C. Exchanger desires to assign to LLC the interests and rights of Exchanger to acquire the real property (and any improvements thereon) that is the subject of this transaction as described in the Purchase Agreement and is referred to herein as the "Parked Property".
AGREEMENT
NOW, THEREFORE, with reference to the foregoing recitals, and in consideration of mutual covenants and conditions hereinafter set forth and for other good and valuable consideration, the receipt and sufficiency of which are hereby acknowledged, the Purchase Agreement is hereby amended as follows:
1. Assignment and Assumption. Exchanger assigns to LLC all of Exchanger's right, title and interest under the Purchase Agreement, including earnest money deposits and sale proceeds, to acquire the Parked Property. The obligation of Exchanger to deposit funds for the purchase of the Parked Property, as required under the Purchase Agreement, is assigned to LLC. LLC accepts the assignment. Subject to the provisions of this Assignment, LLC assumes Exchanger's interests and rights to acquire the Parked Property from Seller under the Purchase Agreement. LLC is substituted in place of Exchanger under the Purchase Agreement solely for the purpose of acquiring the Parked Property from Seller.

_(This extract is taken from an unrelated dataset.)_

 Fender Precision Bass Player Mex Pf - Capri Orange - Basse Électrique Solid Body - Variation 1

2. LLC as Buyer; Deeding. Exchanger and LLC acknowledge and agree that LLC will acquire the Parked Property from Seller. LLC, as buyer, will instruct the Settlement Agent to record a conveyance deed transferring the Parked Property at close from Seller, as grantor, to LLC, as grantee. All bills of sale, tenant lease assignments, general assignments and similar closing documents referenced in the Purchase Agreement must be signed by Seller for the direct benefit of LLC.
3. Exchanger's Release and Indemnity. During such time as NSHE continues as the sole member of LLC, Exchanger releases, discharges, holds harmless and indemnifies LLC from and against any claim, demand, liability, loss, damage, cost, or expense (collectively, "Claim") in connection with any matter relating to the Parked Property or any term, condition, or instrument referred to in this Assignment or the Purchase Agreement or otherwise relating to the Purchase Agreement. The provisions set forth in
this paragraph 3 will survive the closing and the recording of any conveyance deed or other instrument in connection therewith.

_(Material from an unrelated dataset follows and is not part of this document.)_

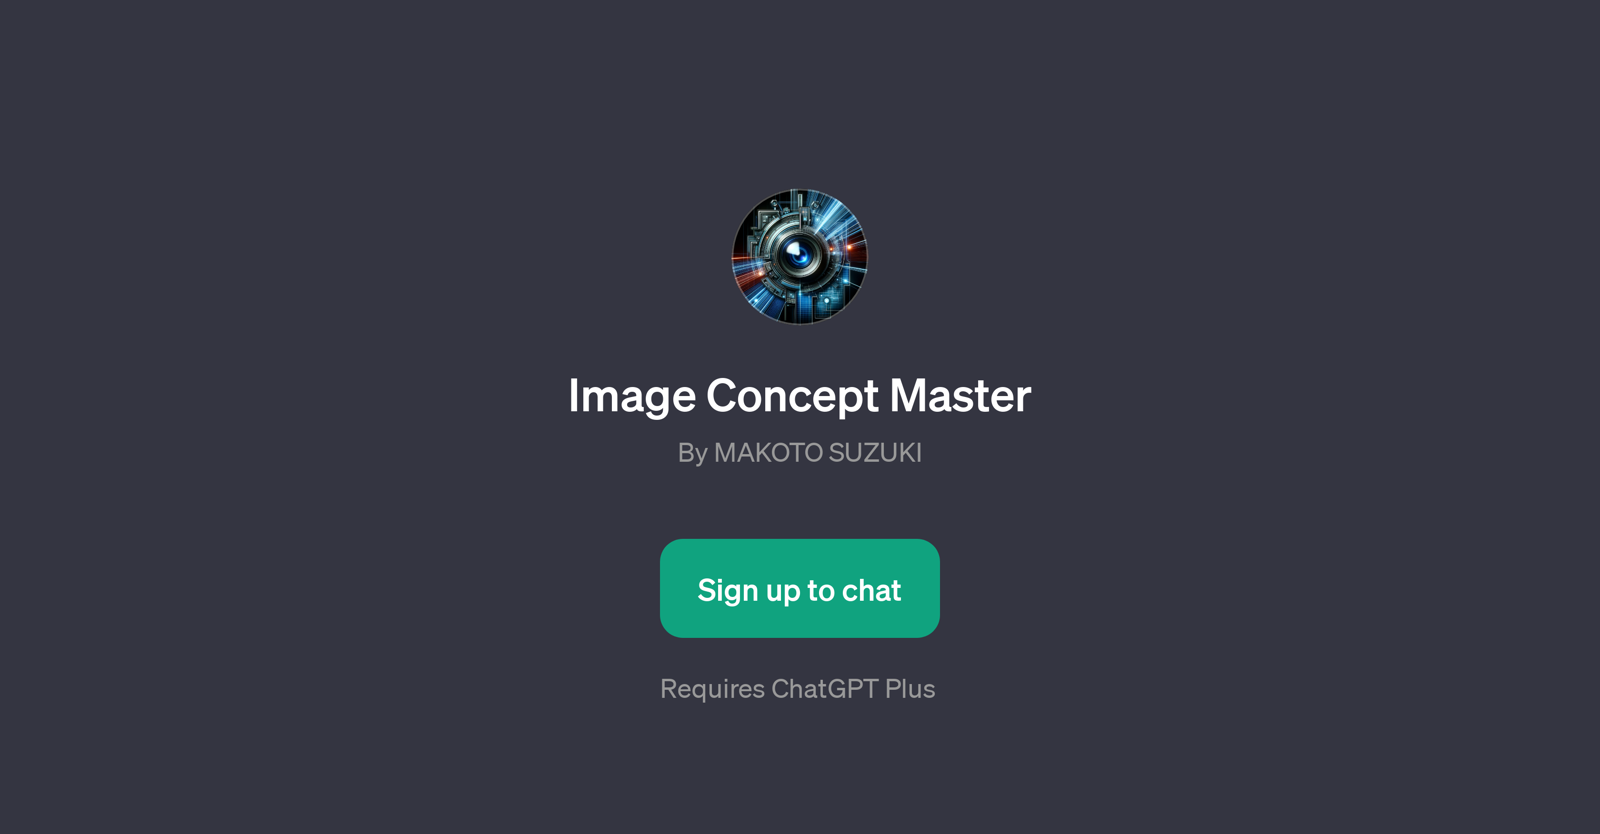 Image Concept Master website

4. Exchanger's Obligations. Exchanger is and will remain solely responsible and liable to Seller for the performance of every warranty and obligation of Exchanger under the Purchase Agreement. The assignment set forth in Section 1 above does not affect, limit, modify or impair in anywaythe representations, warranties, covenants or indemnifications made by Exchanger or the obligations of Exchanger under the Purchase Agreement, which will continue to the benefit of Seller. Nothing set forth in this Assignment in any way releases Exchanger from any of Exchanger's obligations, liabilities, indemnifications, covenants, representations or warranties (whether express, implied in fact or implied at law) made under the Purchase Agreement for the benefit of Seller, or under any documents signed in connection with the Purchase Agreement for the benefit of Seller.

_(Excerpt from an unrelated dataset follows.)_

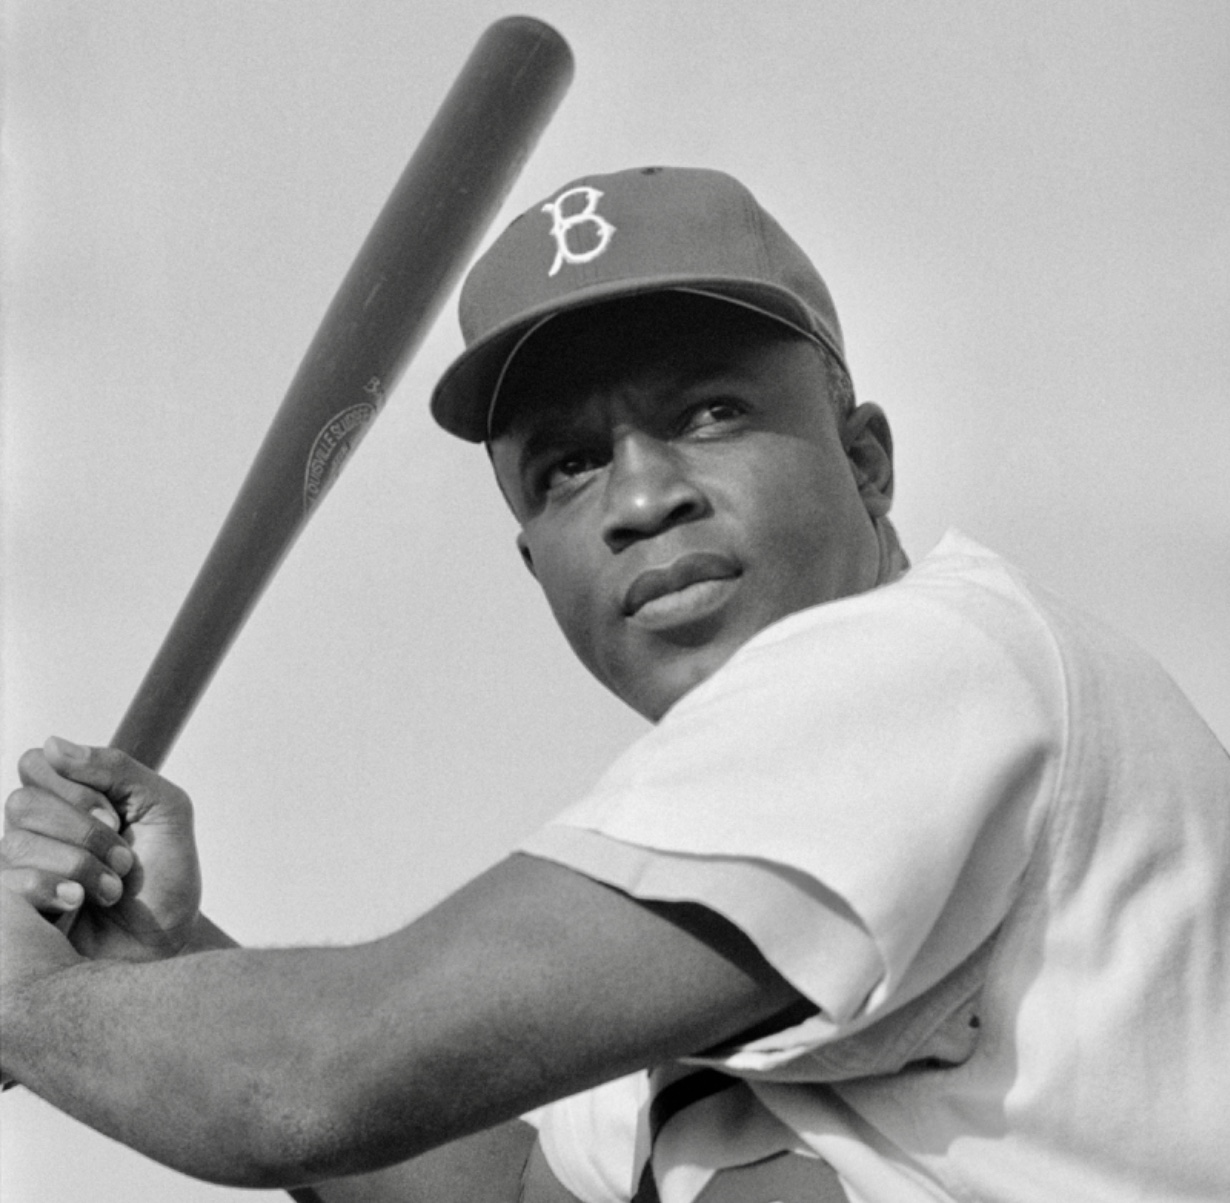 Une photo en noir et blanc d’un joueur de baseball tenant une batte.

5. Counterparts. This Assignment may be signed in counterparts or by facsimile, each of which will be considered an original, but all of which, when taken together, will constitute one instrument.
6. Litigation. If litigation is commenced between the parties regarding this Assignment, the prevailing party will be entitled, in addition to such other relief as may be granted, to reasonable attorney's fees and costs at trial and on appeal.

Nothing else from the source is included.